After making "Rage in Harlem" a year ago, Givens returned to her role of Darlene in ABC's "Head of the Class" for what turned out to be the show's final season. The sitcom was invaluable as a confidence-building experience for being funny, she believes. "We were doing a comedy," she explains, "trying to make people laugh, and trying to make people laugh means taking chances. Well, certain chances I didn't want to take, I was scared. But those people made me feel safe in messing up. So my fourth and fifth season I was like a fool on that show," she chortles.
Givens has said that, shortly after leaving Harvard pre-med graduate courses (which she had entered with the plan of becoming a surgeon) for Hollywood, that her ambition focused on becoming the first black woman to write, direct and act in a major film.
She's accomplished one-third of that ambition, in spite of few opportunities for black women in the film industry, and, according to Givens, the remaining credits may soon come through various projects her production company, Never Blue, is negotiating. But opportunities for black actresses are scarce.
"The NAACP (Image Awards) recently cancelled their 'best (black) actress" nomination because they had nobody to nominate," she says angrily. "I think it's pitiful that there's Winona Ryder and Julia Roberts and Michelle Pfeiffer and Glenn Close and Meryl Streep, I couldn't possibly name them all, and not one black star in 1991!" She added that if "A Rage in Harlem," which opens Friday, "makes a lot of money, it could open the doors to a lot of black actors." If not, "we're back to square one.
"Let me say this about my being strong-willed. I think people don't know me. This movie has given me the opportunity to be honest about certain things, about my life," Givens says. "When things seem a little bit OK then you can be honest about when time wasn't OK.
"I don't think the most talented actress gets a (particular) role all the time in this business," she adds. "When Bill Duke called me and said that I had gotten this role, I kind of said 'There's no reason for me to have gotten this.' Yes, I worked hard. I think I'm pretty good. I grew up Catholic, and I kind of felt like God or somebody said 'Don't think I wasn't watching. . . .' "

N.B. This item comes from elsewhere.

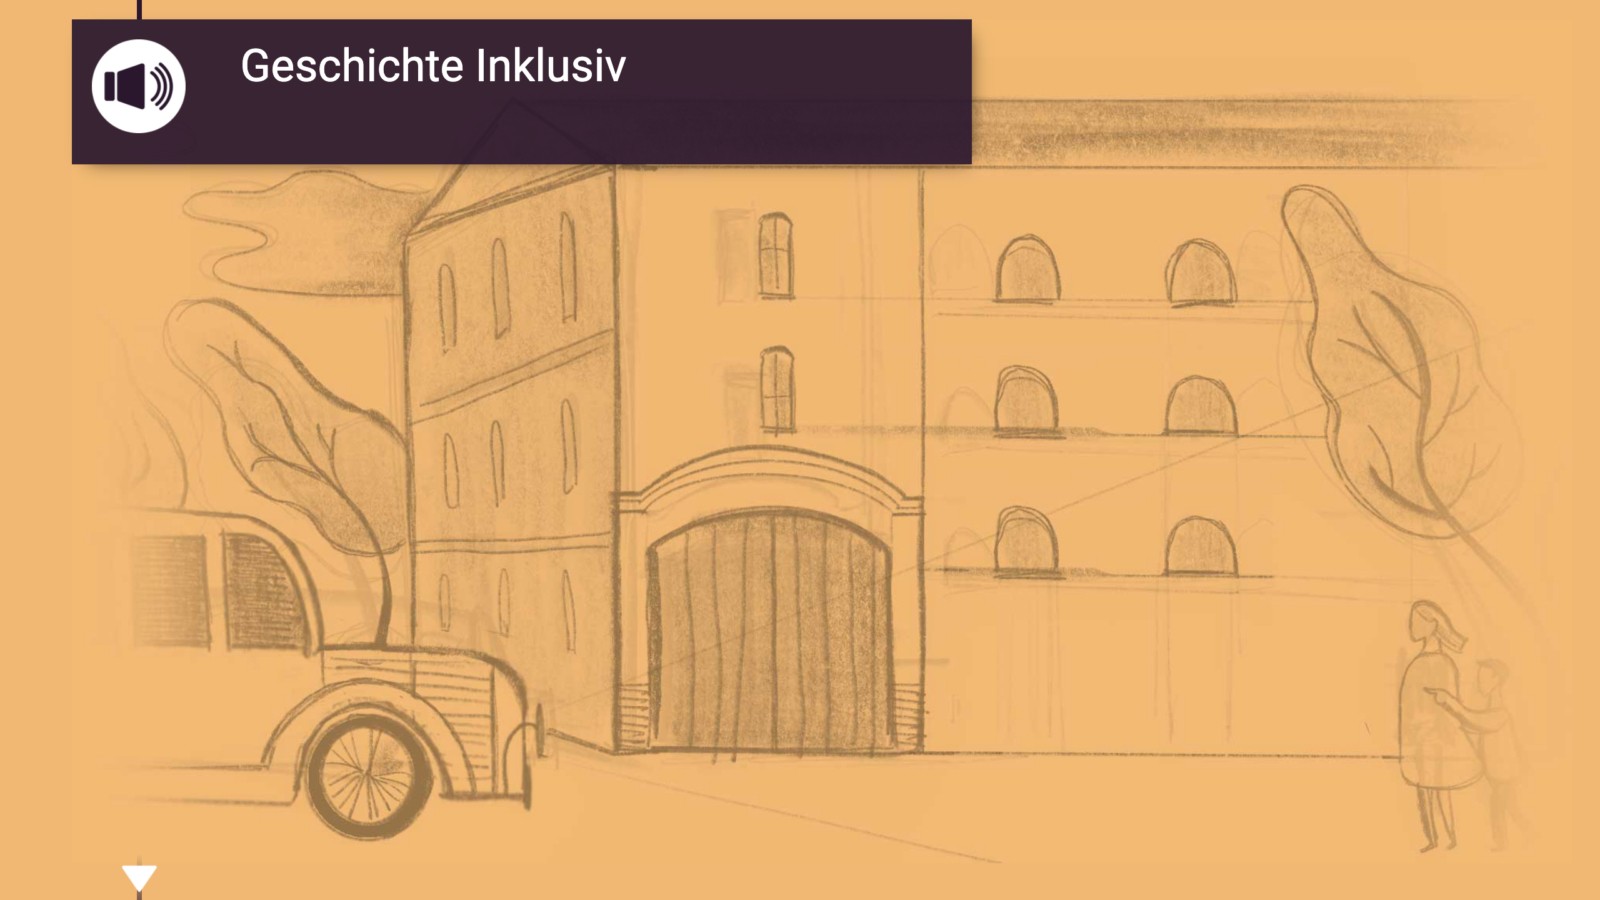 Screenshot: Geschichte Inklusiv. Der Titel der Seite: Geschichte Inklusiv. Es ist eine Skizze zu sehen. Ein Gebäude mit geschlossenen Fenster und ein Bus der ankommt.

So, one inevitably wonders, who, really, is Robin Givens? The sincere, committed, sensitive, emotional perfectionist she says she is, or someone "cool, calculating and conniving" as People magazine quoted a friend from her days as a Sarah Lawrence undergrad.
"That's a tough one," she says. "Well, I'm definitely here and I'm an actress, and I'm a 26-year-old still trying to figure out life a little bit. I think I've kind of developed guts--I didn't have that before. I'm a person that cares about things passionately, I'm a person that has extreme principles and I will fight to make things happen. Things like making people aware that black people are people."
During the Tyson days, much was written about her mother, Ruth Roper, and Roper's influence on her life and marriage. When asked if she and her mother are still as intimate, she claims they are "incredibly close" and, as two perfectly matched tears well out of her eyes and fall down her cheeks, she adds: "I think there is so much pain you don't know. . . . It's hard to talk and I don't know why I'm talking so much about it." (Roper could not be reached for comment.)
Ten minutes later, tears cleaned up, makeup fixed, Robin Givens is posing for a photographer. She snaps orders to a fleet of attendants and settles into a languid pose. "This is a family newspaper," the photographer shouts. Givens looks down at her chest, hitches up her low decolletage and looks up, squarely at the camera, a smile of innocence suffusing her face.